> Available data
== Segment start ==
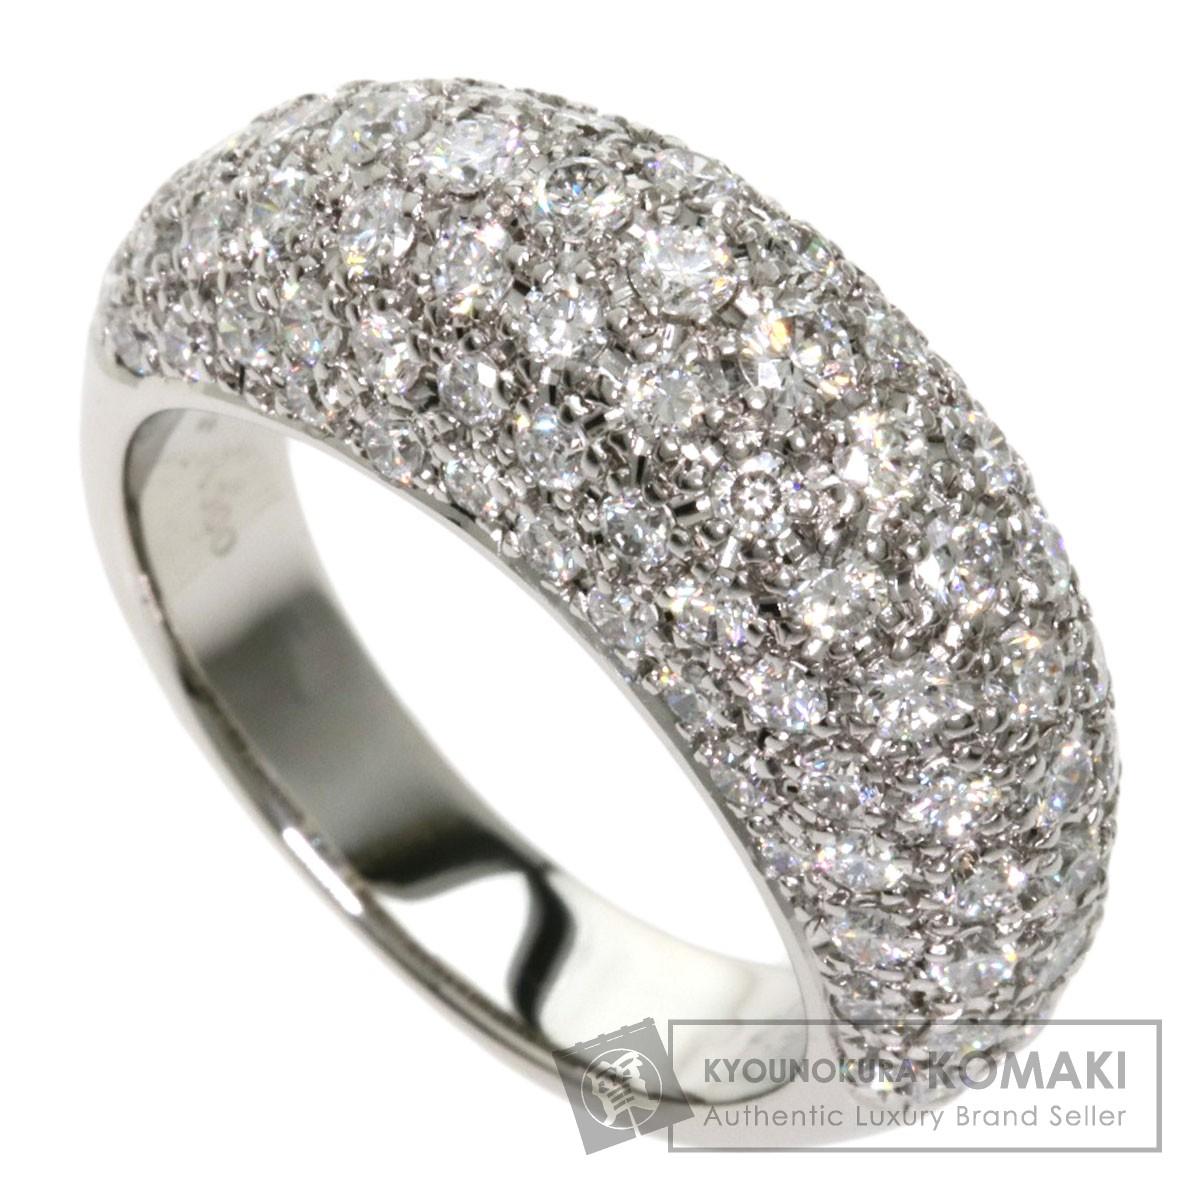 サザンクロス ダイヤモンド リング・指輪 プラチナPT900 レディース 【中古】【Southern Cross】
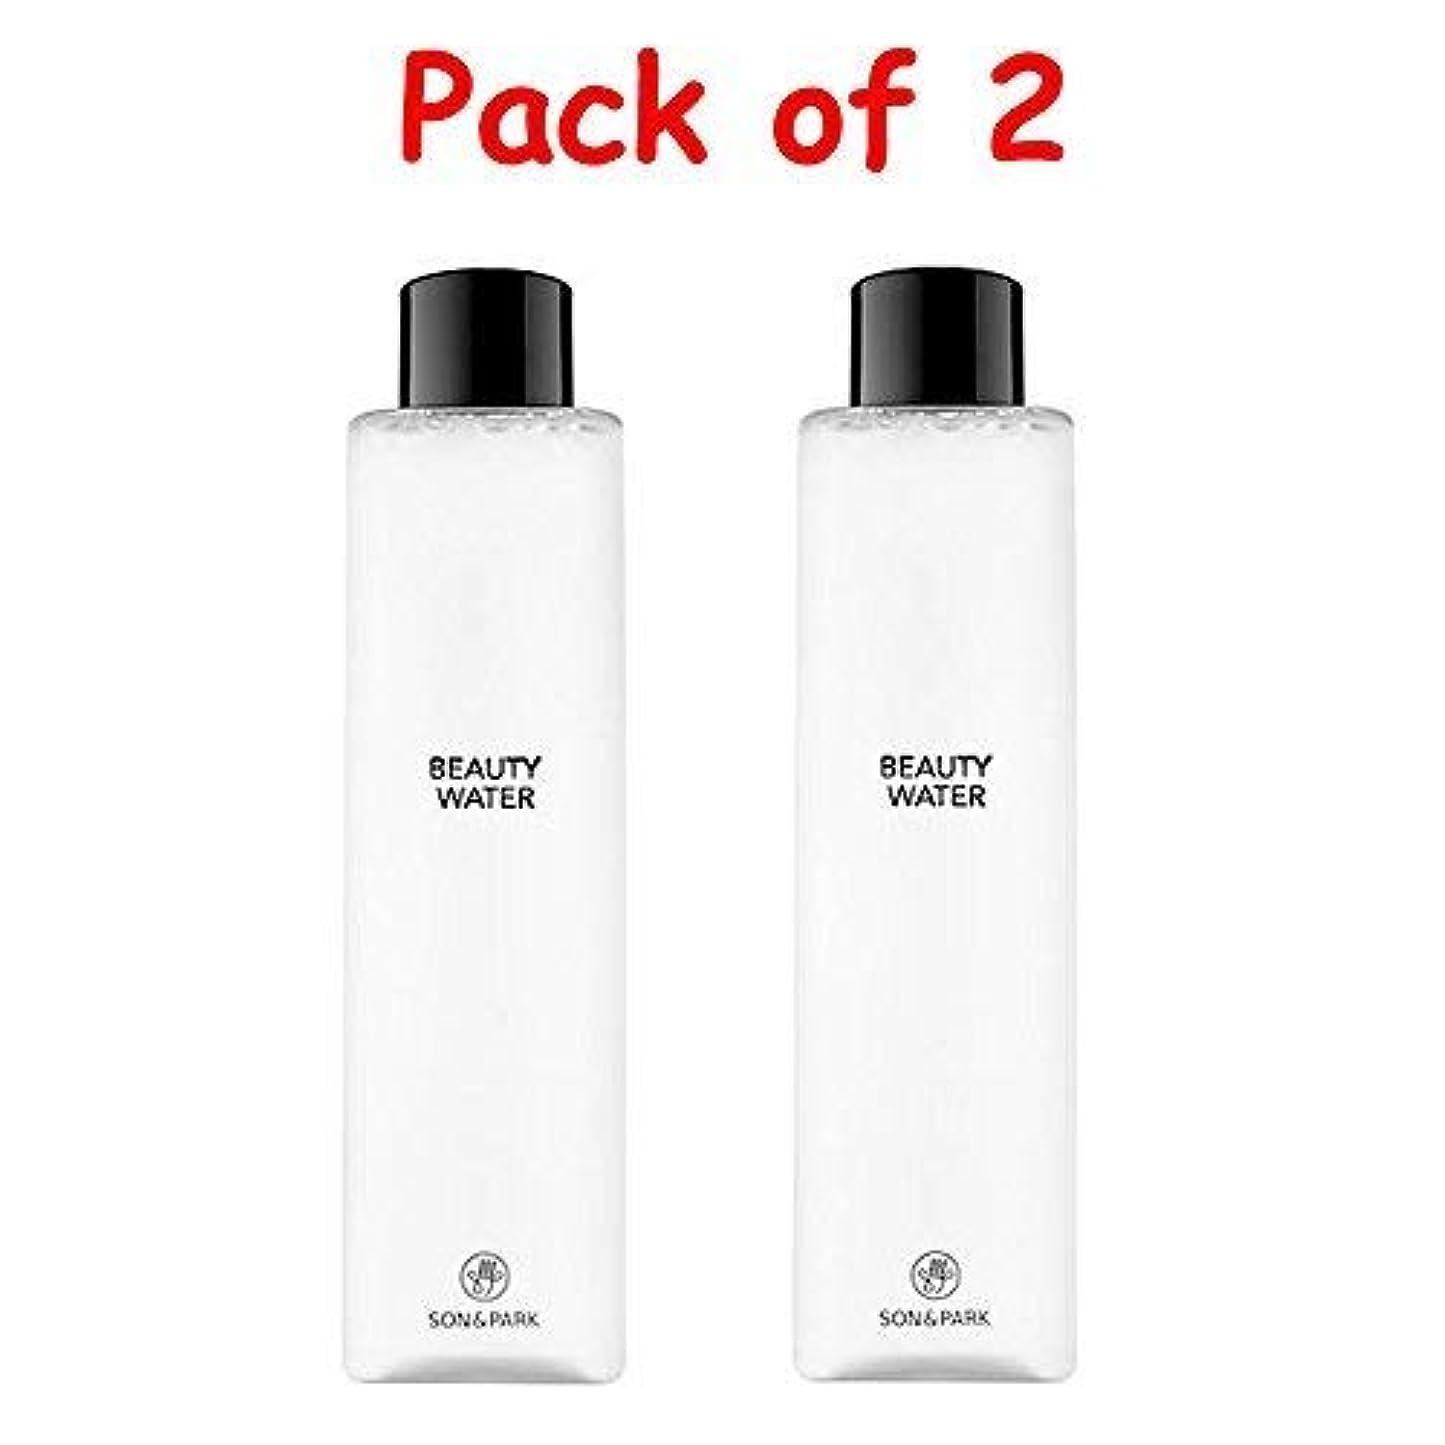 ファンわずかなポスト印象派★1+1 Sale★[SON & PARK]Beauty Water 340ml (Pack of 2) /[ソン & パク] ビューティー ウォーター 340ml (1+1)
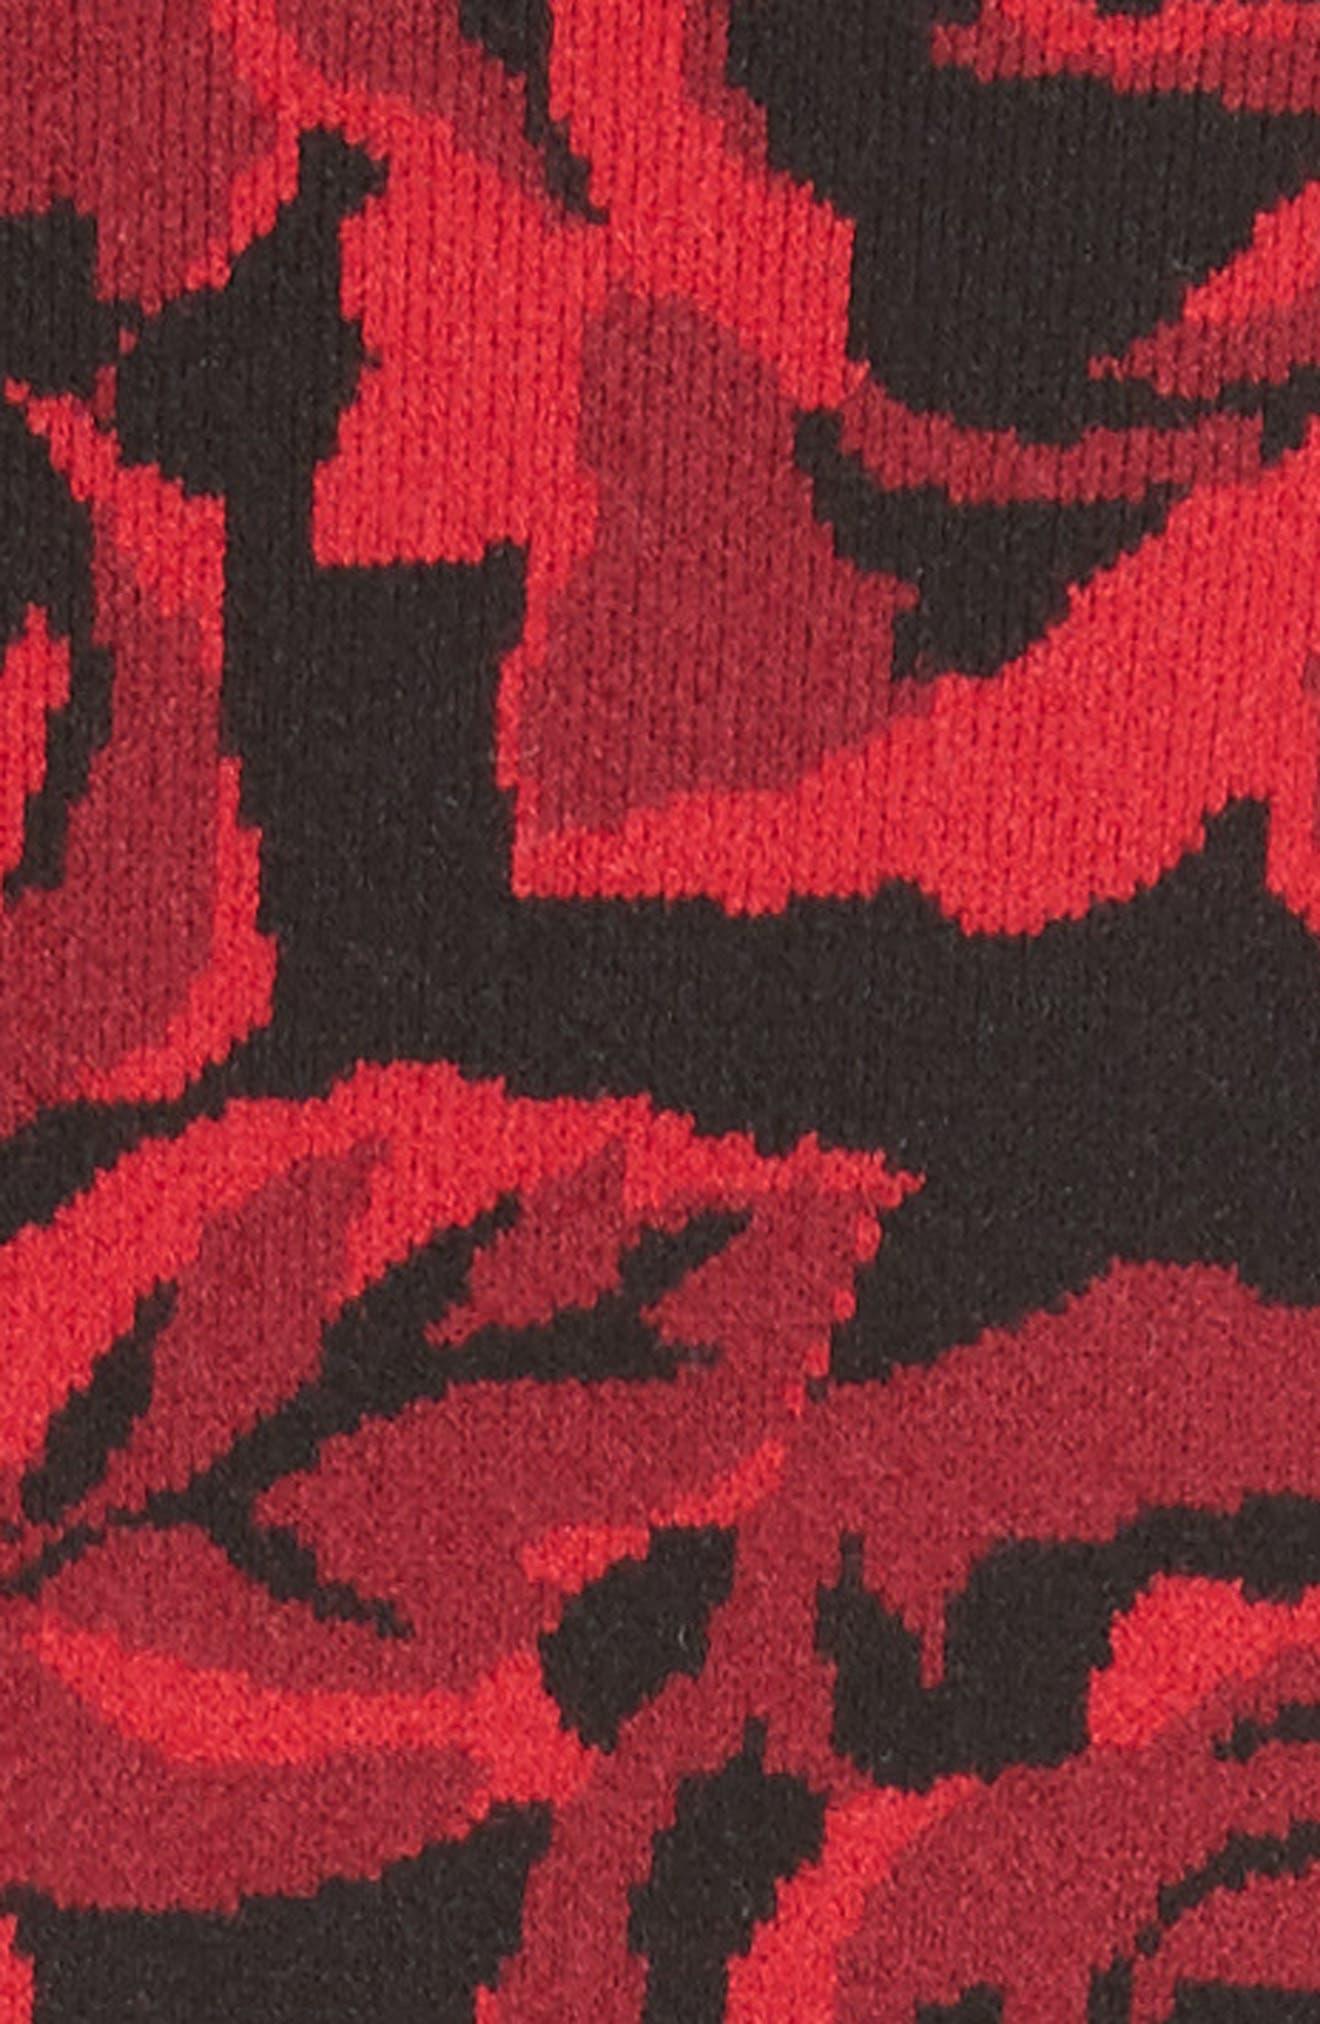 Stretch Rose Jacquard Tank Dress,                             Alternate thumbnail 3, color,                             Crimson/ Black
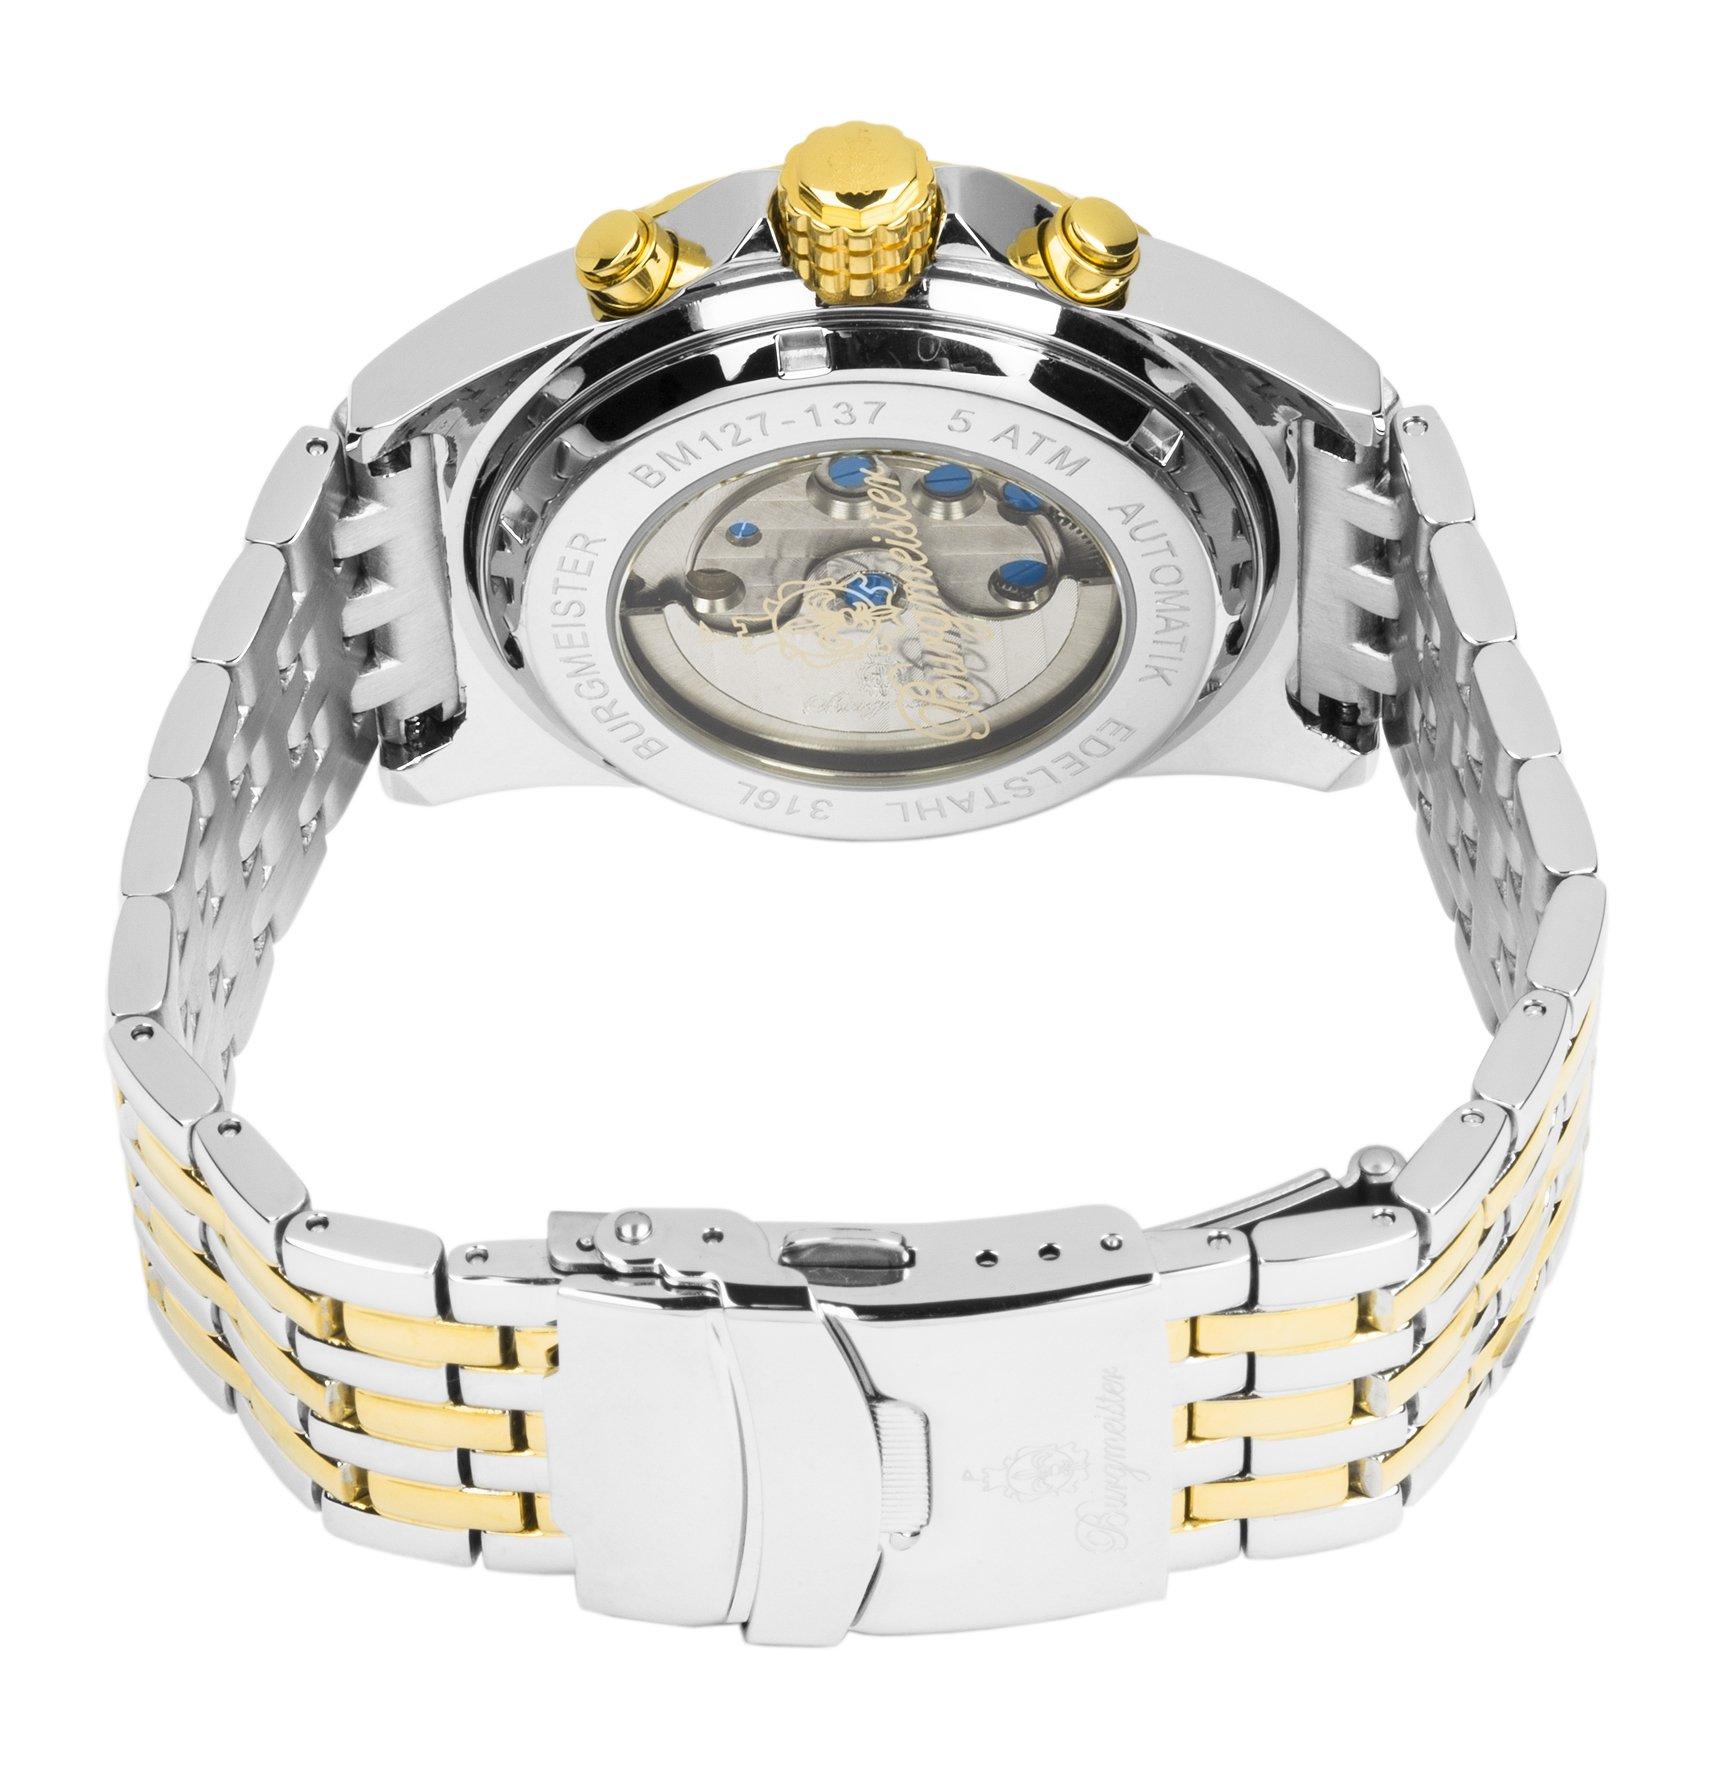 Burgmeister-Armbanduhr-fr-Herren-mit-Analog-Anzeige-Automatik-Uhr-mit-Edelstahl-Armband-Wasserdichte-Herrenuhr-mit-zeitlosem-schickem-Design-klassische-Uhr-fr-Mnner-BM127-137-Royal-Diamond
== Segment end ==
> Instructions for the task
Would it be possible to reproduce the material word for word, images omitted?

> Response to the exercise
 サザンクロス ダイヤモンド リング・指輪 プラチナPT900 レディース 【中古】【Southern Cross】
 ファンわずかなポスト印象派★1+1 Sale★[SON & PARK]Beauty Water 340ml (Pack of 2) /[ソン & パク] ビューティー ウォーター 340ml (1+1)
 Stretch Rose Jacquard Tank Dress,                             Alternate thumbnail 3, color,                             Crimson/ Black
 Burgmeister-Armbanduhr-fr-Herren-mit-Analog-Anzeige-Automatik-Uhr-mit-Edelstahl-Armband-Wasserdichte-Herrenuhr-mit-zeitlosem-schickem-Design-klassische-Uhr-fr-Mnner-BM127-137-Royal-Diamond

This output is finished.